▶ [What the task requires]:
The answer must restate the listing word for word, without its images.

▶ [Data block]:

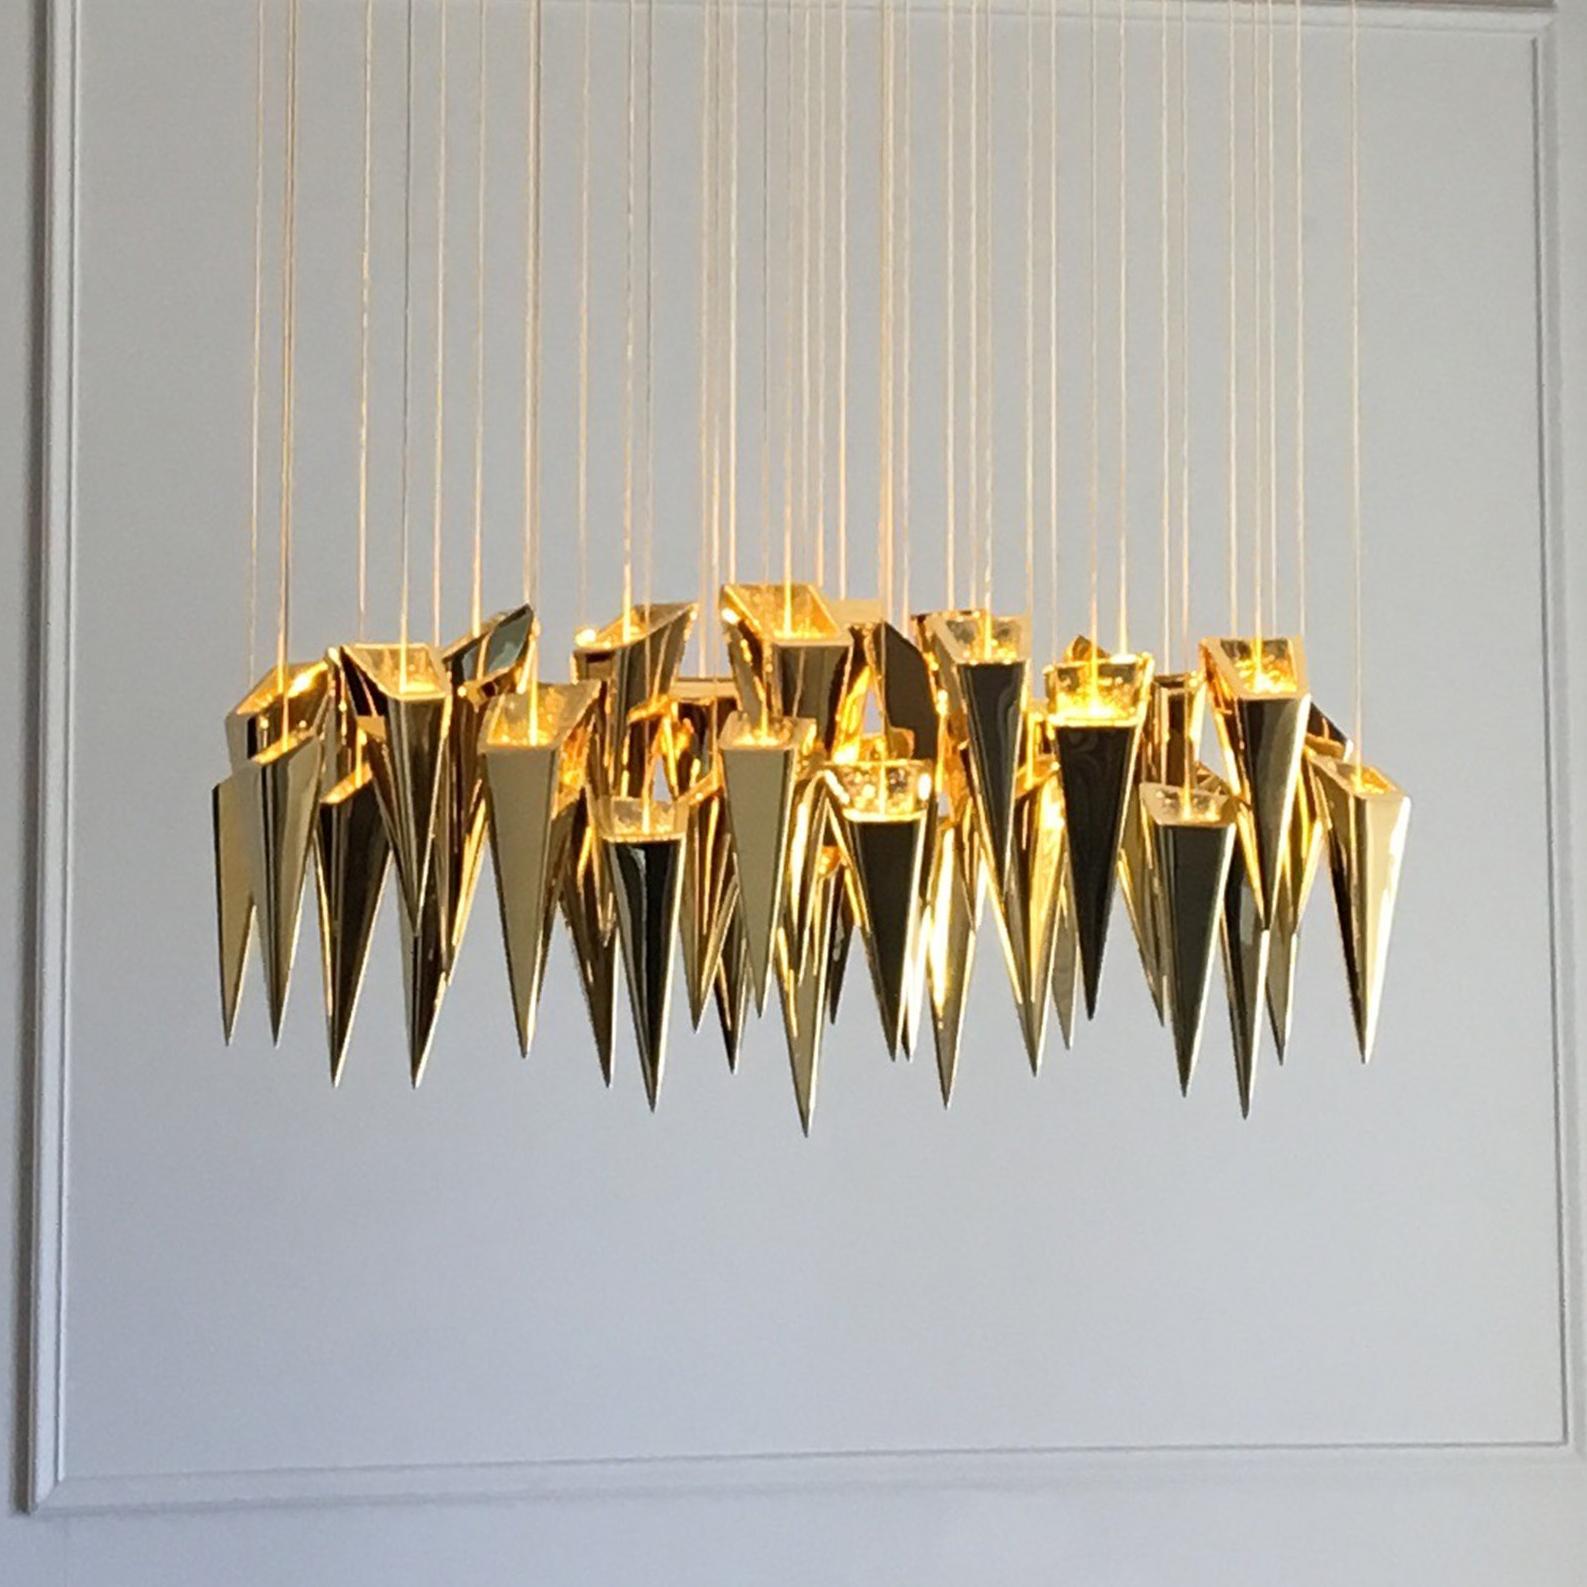 Guy Regal  New York Design Center  200 Lexington Avenue, Suite 806  New York, NY 10016   www.guyregalnyc.com   212 447 7717
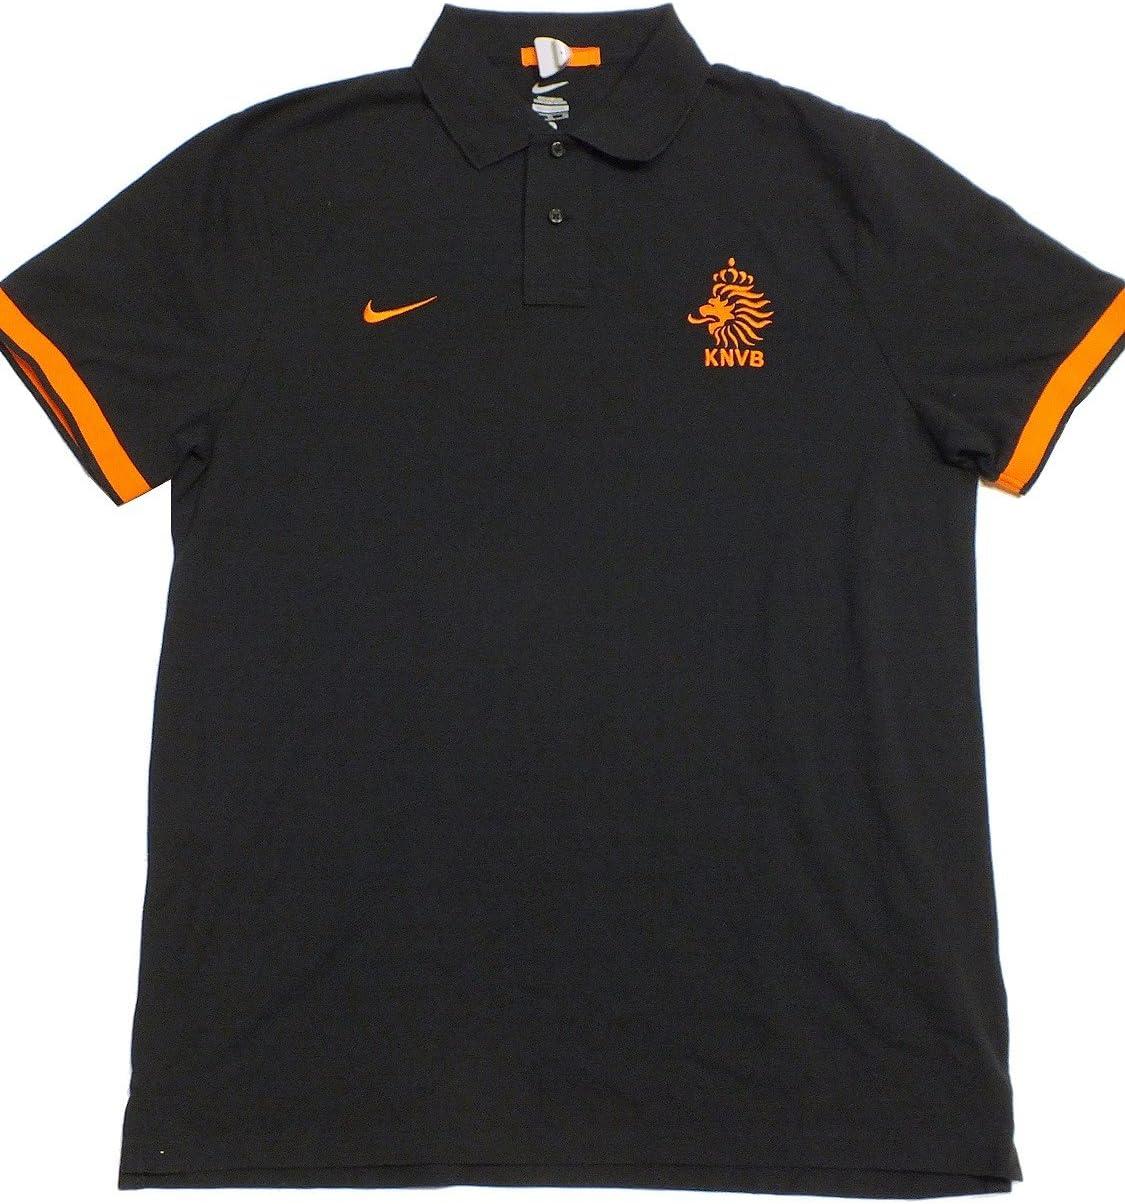 Holanda Nike Polo de hombre talla S negro 450392 011: Amazon.es ...
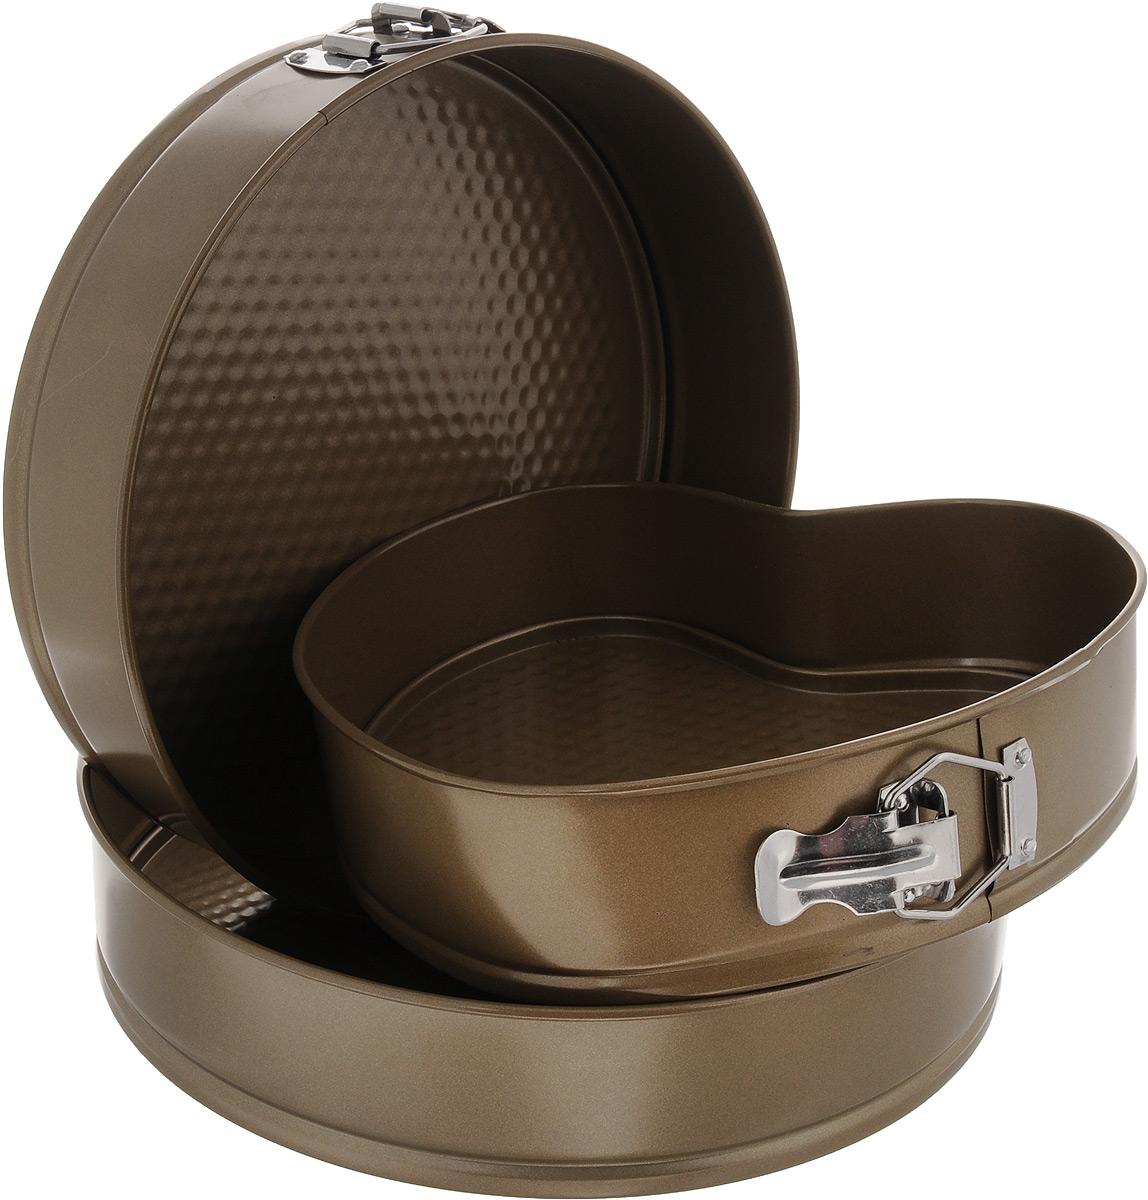 Набор форм для выпечки Mayer & Boch, с антипригарным покрытием, 3 предмета. 2427724277Набор Mayer & Boch состоит из двух круглых форм для выпечки и одной формы в виде сердца, выполненных из высококачественной углеродистой стали. Современное высокотехнологичное антипригарное покрытие предотвращает пригорание выпечки и обеспечивает легкую очистку после использования. Кроме того, формы имеют разъемный механизм и съемное дно, благодаря чему готовое блюдо очень легко вынимать. Изделия складываются друг в друга по принципу матрешки, поэтому они не займут много места на кухне при хранении. Формы легкие и удобные в использовании, легко моются. С ними готовить любимые блюда станет еще проще. Подходят для использования в духовом шкафу и хранения пищи в холодильнике. Не предназначены для СВЧ-печей. Диаметр круглых форм: 26 см, 28 см. Высота стенок: 6,7 см. Размер формы в виде сердца: 23,4 х 23,5 х 6,7 см.

▶ [Reply to the task]:
 Guy Regal  New York Design Center  200 Lexington Avenue, Suite 806  New York, NY 10016   www.guyregalnyc.com   212 447 7717
 Holanda Nike Polo de hombre talla S negro 450392 011: Amazon.es ...
 Набор форм для выпечки Mayer & Boch, с антипригарным покрытием, 3 предмета. 2427724277Набор Mayer & Boch состоит из двух круглых форм для выпечки и одной формы в виде сердца, выполненных из высококачественной углеродистой стали. Современное высокотехнологичное антипригарное покрытие предотвращает пригорание выпечки и обеспечивает легкую очистку после использования. Кроме того, формы имеют разъемный механизм и съемное дно, благодаря чему готовое блюдо очень легко вынимать. Изделия складываются друг в друга по принципу матрешки, поэтому они не займут много места на кухне при хранении. Формы легкие и удобные в использовании, легко моются. С ними готовить любимые блюда станет еще проще. Подходят для использования в духовом шкафу и хранения пищи в холодильнике. Не предназначены для СВЧ-печей. Диаметр круглых форм: 26 см, 28 см. Высота стенок: 6,7 см. Размер формы в виде сердца: 23,4 х 23,5 х 6,7 см.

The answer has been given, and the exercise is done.